This is no time to allow network TV to be blacked out for satellite customers - American Commitment

by Jon Decker

In America we are accustomed to technology improving. Yet strangely, one technological problem innovation hasn’t solved is television blackouts — in fact, they are becoming more frequent.

In 2010, there were only 8 television blackouts. By 2019, that number had risen to 276. This increase is due to more frequent disagreements between Multichannel Video Program Distributors (cable, satellite and telco operators) and broadcasters over ever-growing fees that broadcast is demanding on the retransmission of content — fees that they were not entitled to until 1992.

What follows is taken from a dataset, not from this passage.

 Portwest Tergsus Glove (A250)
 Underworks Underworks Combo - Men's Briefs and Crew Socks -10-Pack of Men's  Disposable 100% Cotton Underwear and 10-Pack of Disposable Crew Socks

As Dr. George S. Ford with the Phoenix Center noted:

Ever since the 1992 Cable Act allowed broadcasters to charge multichannel video distribution providers (MVPDs) for retransmission rights of their signals, broadcasters have demanded (and received) increasingly high retransmission fees. Between 2006 and 2019, retransmission fees rosefrom $215 million to $11.7 billion. Today, MVPDs pay about $11 per subscriber/month for over-the-air broadcast signals, raising consumers’ bills. The fee was $0 before the 1992 Cable Act.

This has been less of an issue for direct-broadcast satellite like Dish and DirecTV (now owned by AT&T) than cable because under a law called STELAR they have been licensed to negotiate with network outlets from other markets if they cannot reach an agreement with local affiliates. That license is set to expire June 1.

If this dispute is not resolved quickly, that shapes up as a date hundreds of thousands of consumers could soon lose local television coverage – and at a time where the fallback option of buying and installing an antenna is even less practical than usual. Regardless of where one falls on this debate — now is not the time to cut local news programming to any consumers.

In order to prevent these unnecessary and disruptive television blackouts from happening, House and Senate leadership should act quickly to negotiate a compromise that will ensure as few service interruptions as possible.

In an ideal world, we prefer the total free market approach to the issue long championed by Republican Whip Steve Scalise. But that’s a heavy lift. Under the circumstances there is a simpler option to delay the issue past the crisis – act on a request from AT&T to delay the sunset from June 1 to the end of the calendar year.

That would take the potential for disruption at the worst possible time off the table and should be included in one of the emergency coronavirus bills.